Projects with a variety of clients have caused me to think about the importance of focus. Of knowing where we’re going. Of making sure we are on the same track as senior managers on the same track. As Zig Ziglar said,

“Lack of direction, not lack of time, is the problem. We all have twenty-four hour days.”

We may not all use those 24 hours the same way but we can do better. Some thoughts:

  • If you don’t know where you’re going, you won’t know when you get there.

  • Senior management needs to be on board before you can get anywhere.

  • Technology can definitely get in the way.

Let me address each of those.

If you aren’t focused on where you’re going you won’t know when you get there is true for nearly everyone and all professions. A clear goal or measure of success is the only thing allowing you to remain focused in your work. It dictates writing style, messaging, layout and more. Having this focus means teams can work smarter because they are focused on the end goal.

Senior management’s buy-in is critical. I’ve worked on several projects recently that appear to be on track until the director review level. It’s then it becomes really apparent the senior level of the company isn’t on board with what you’ve been doing. It means we are all wasting our time and the company’s money.

Oftentimes we start work without making sure we’ve secured that buy-in, but we’ve instead spent hours with the project’s stakeholders. They’ve told us what they want, but maybe we haven’t listened. It’s why I tell people when they’re in a research phase they have to listen to people as well as HEAR them.

Like many people today, I couldn’t live without my technology. It helps me stay organized, on task and keep in touch with people. But it’s not a substitute for being with people, although I see many crouch behind it for safety. Project management systems, computerized tasks lists, and even contact management systems are only as good as the people who use them and the face-to-face meetings that progress alongside.

So, what does a public relations professional do to make sure projects stay on track?

  • Write a plan – even if it’s only one page, or even smaller.

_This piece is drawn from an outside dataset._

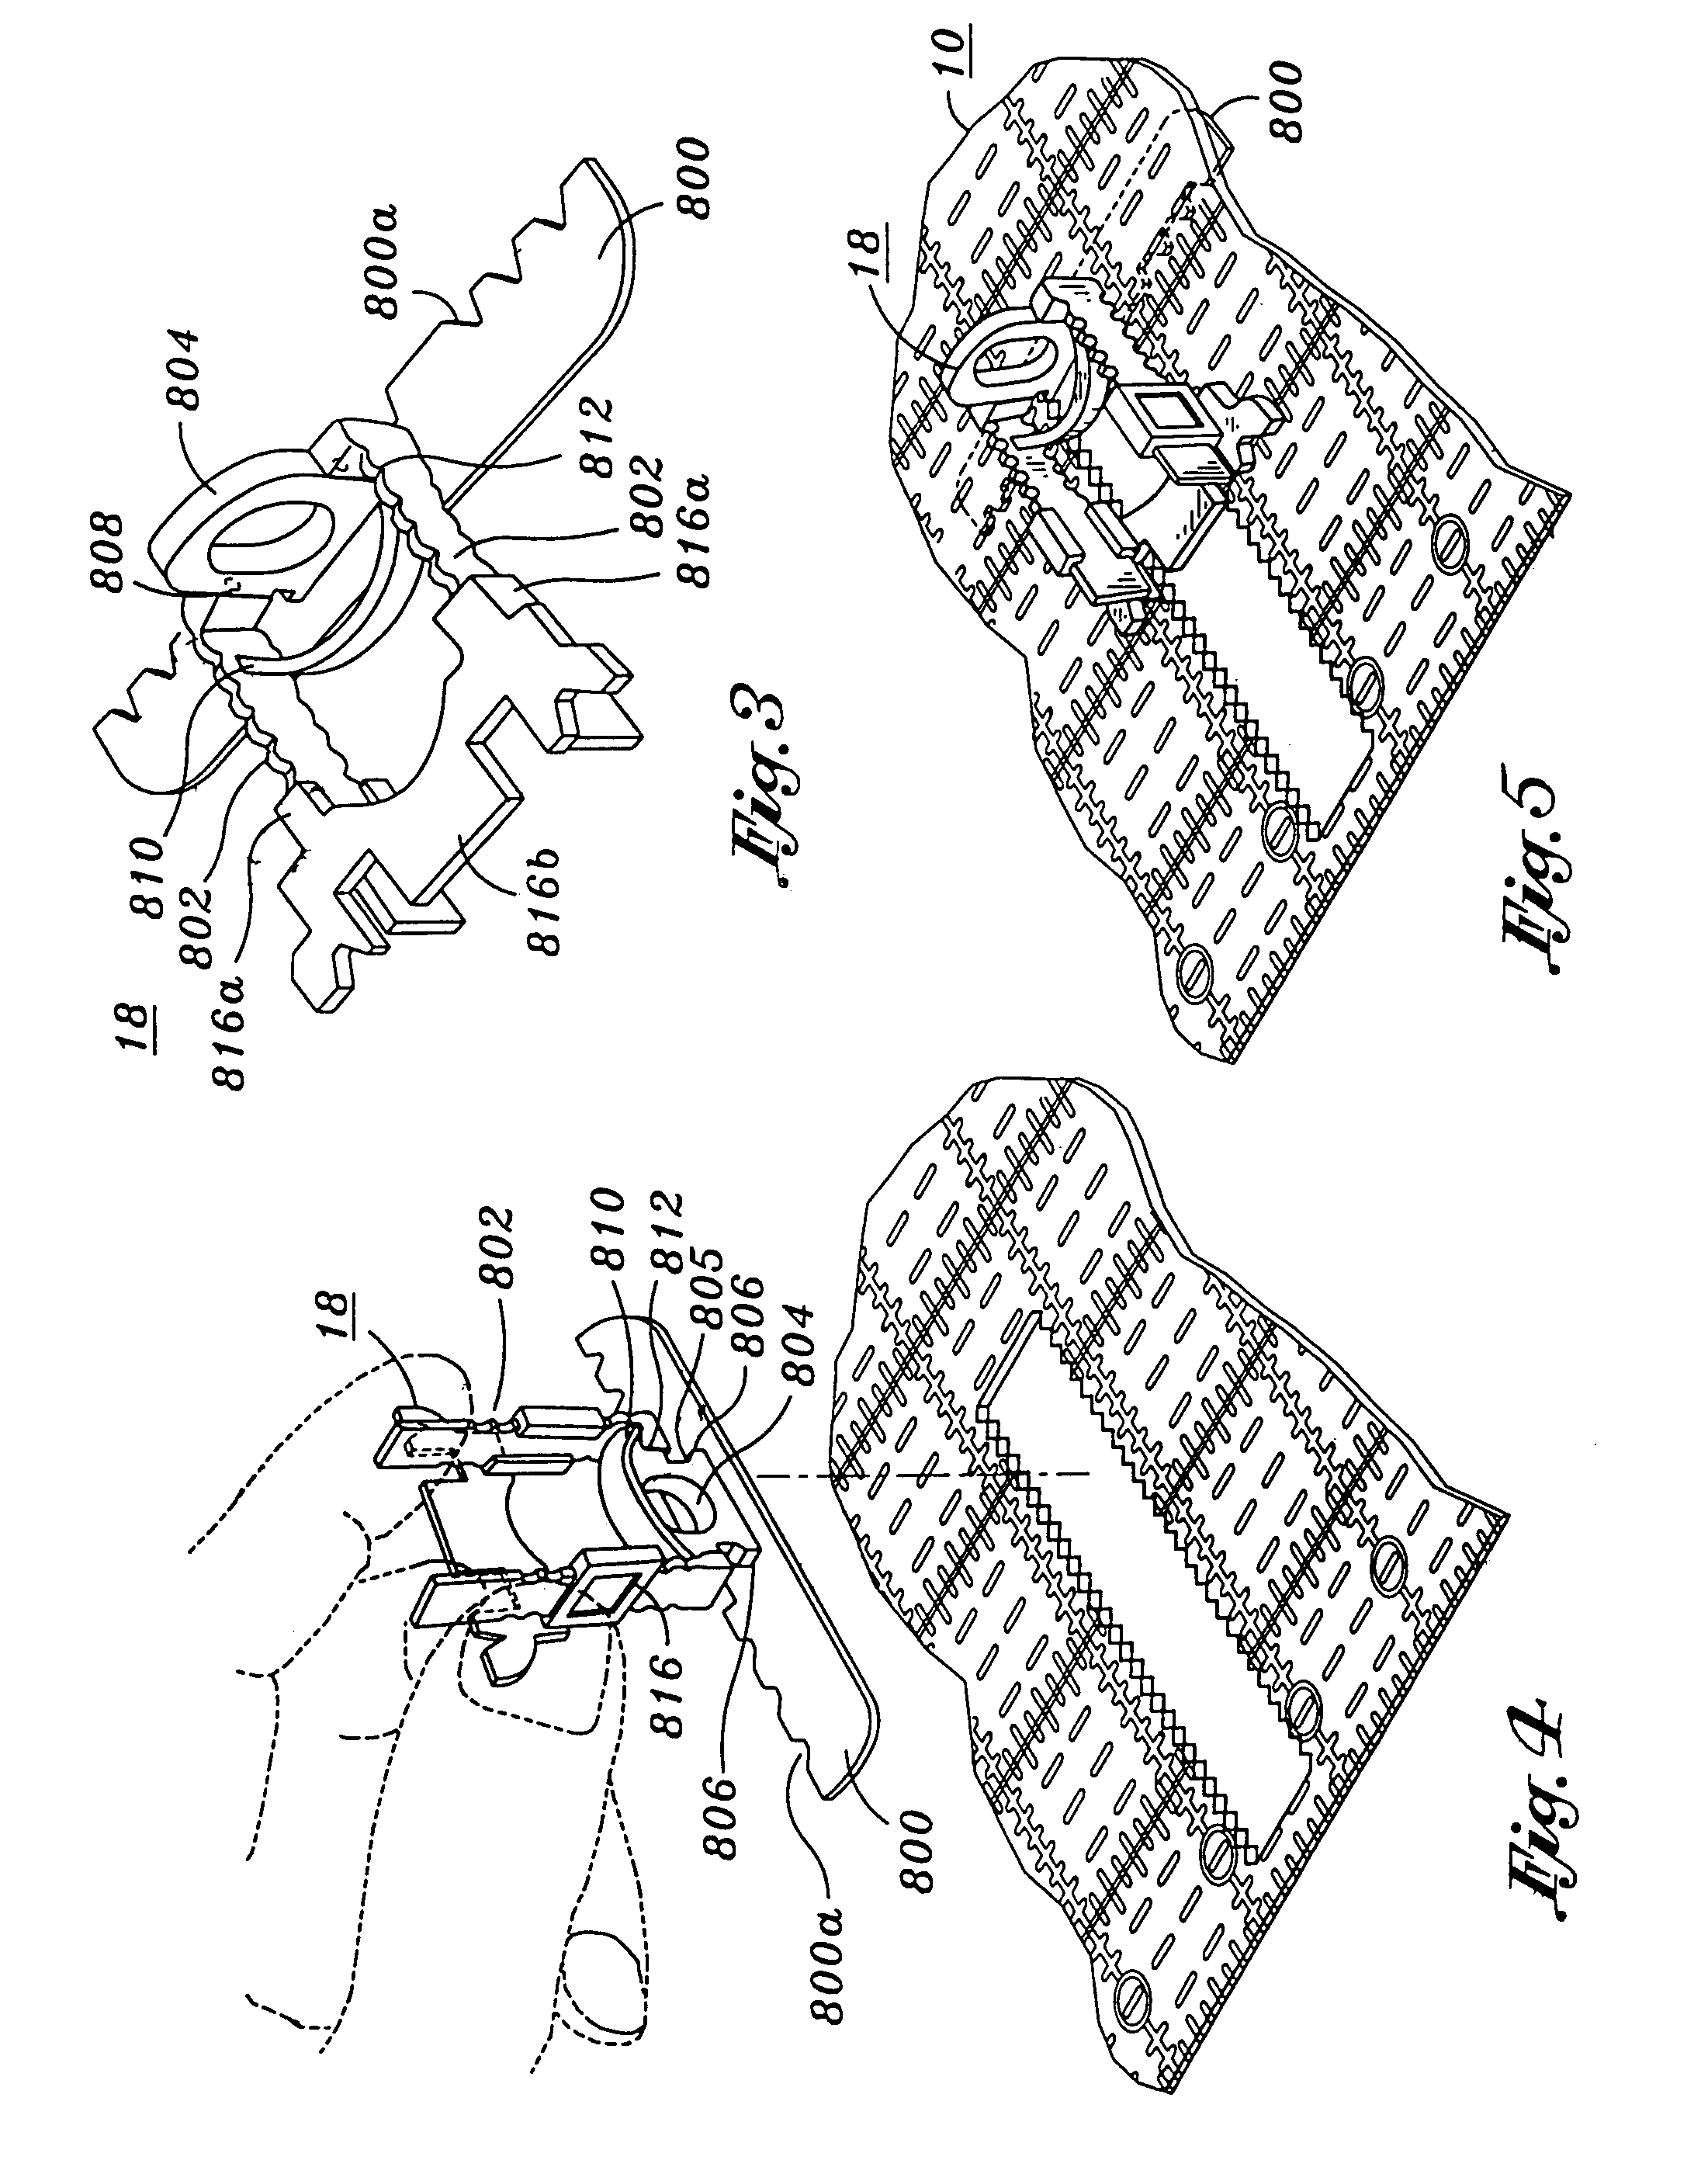 Transparent measuring device with seam allowance guide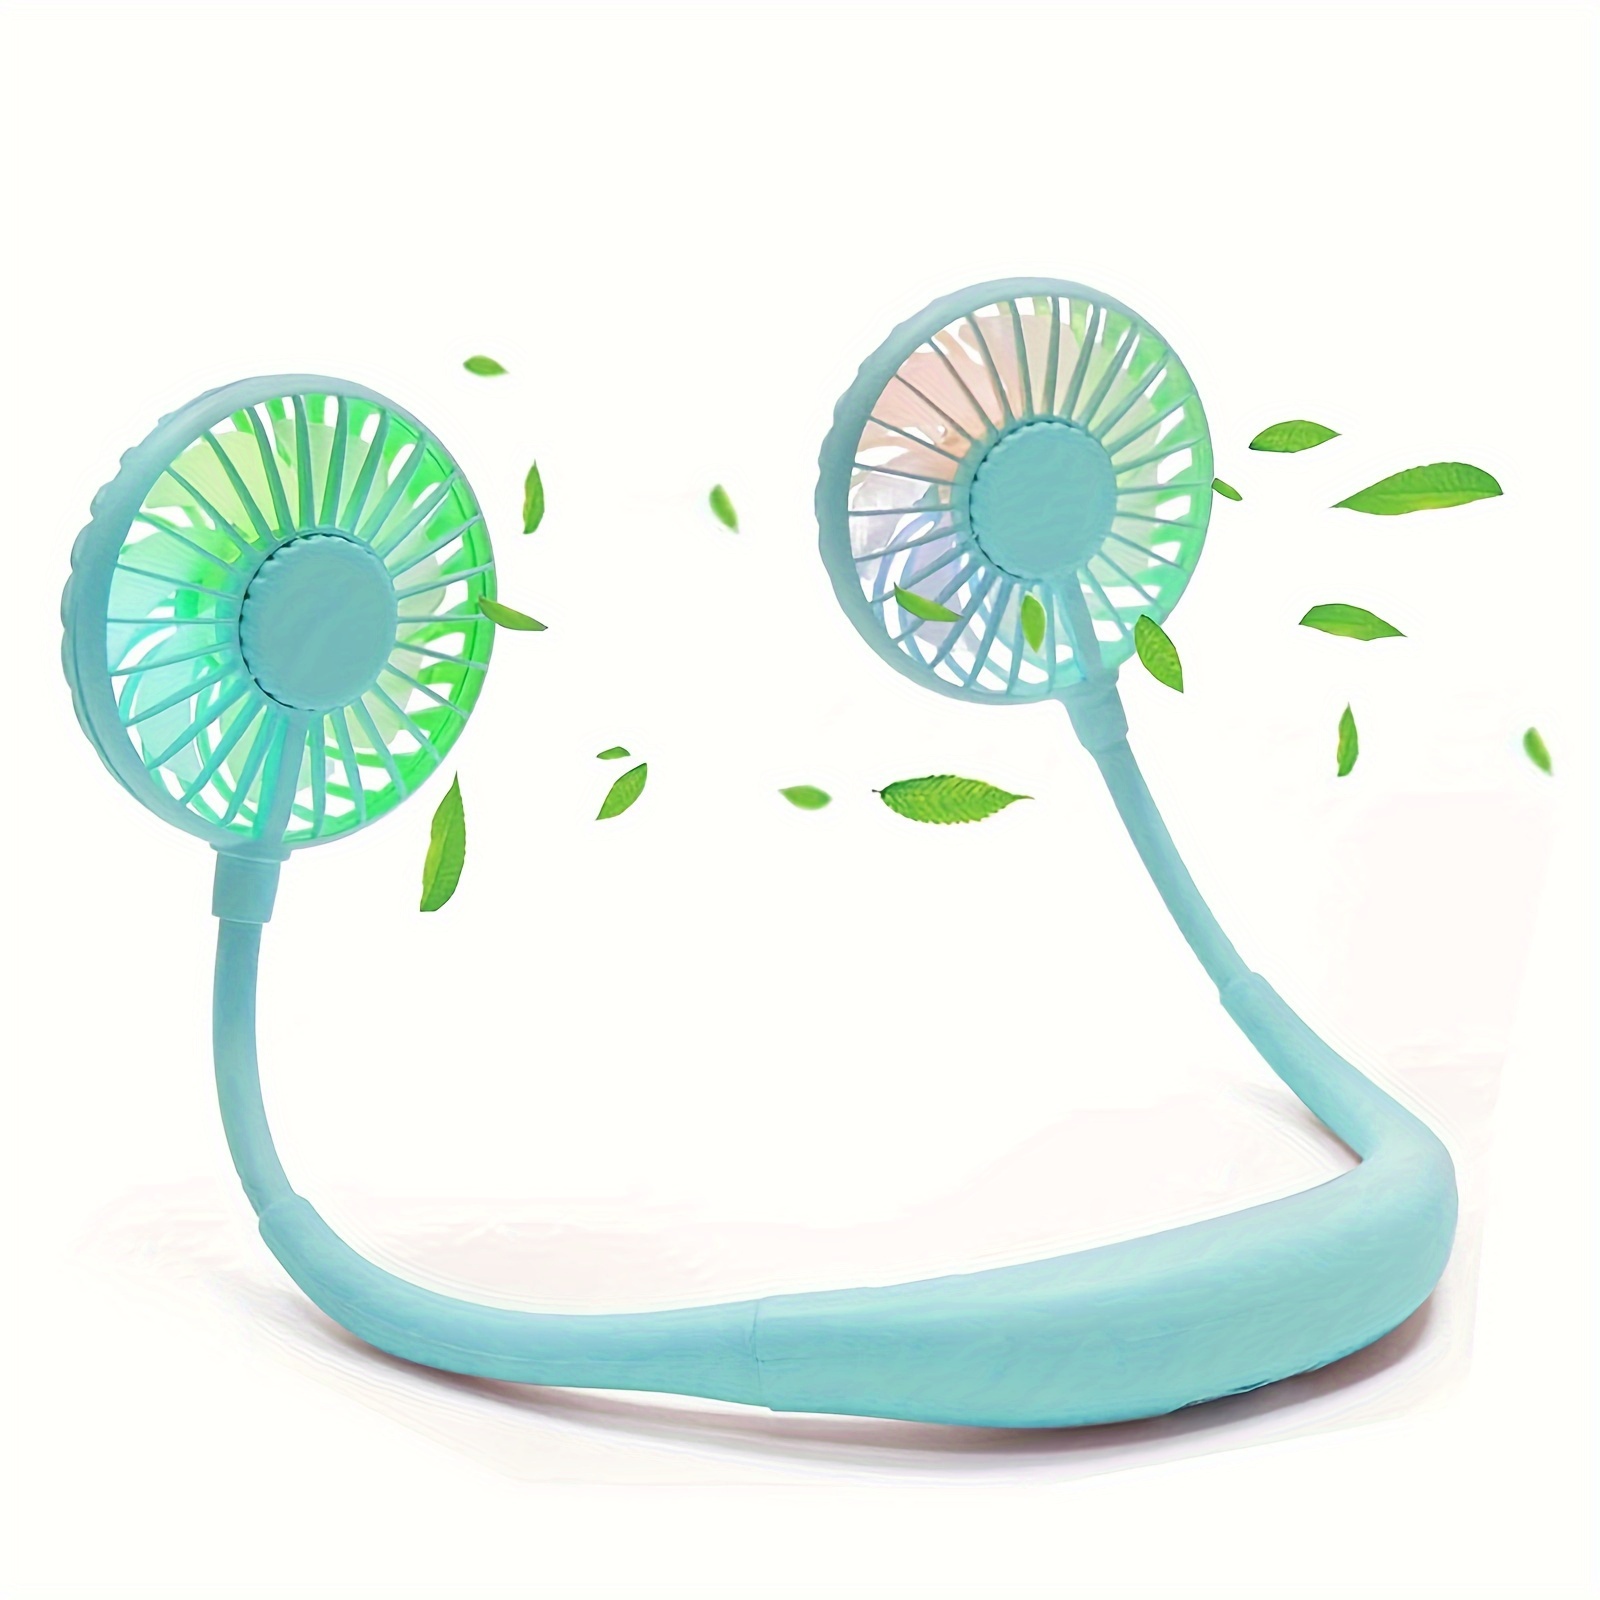 

Upgraded Version Portable Neck Fan, Color Changing Led, With Aromatherapy, 360° Free Rotation, And Lower Noise Strong Airflow Headphone Design For Sport, Office, Home, Outdoor, Travel, Gift

  • When you’re writing pieces going out for review, include a review of the purpose, audience and primary messages at the top of the document. It reminds reviewers what they are reading.

  • Before you even start work on a project, make sure senior managers are in agreement with the project.

  • Critically listen to those on the team to make sure you’re completing the task to their parameters.

  • For better success, focus your energy on the ultimate decision makers even if they aren’t your primary contact.

  • Use technology to make your life easier and keep projects on task but don’t use them at the expense of not talking with the team.

What techniques do you use to keep projects on track through the review and approval process?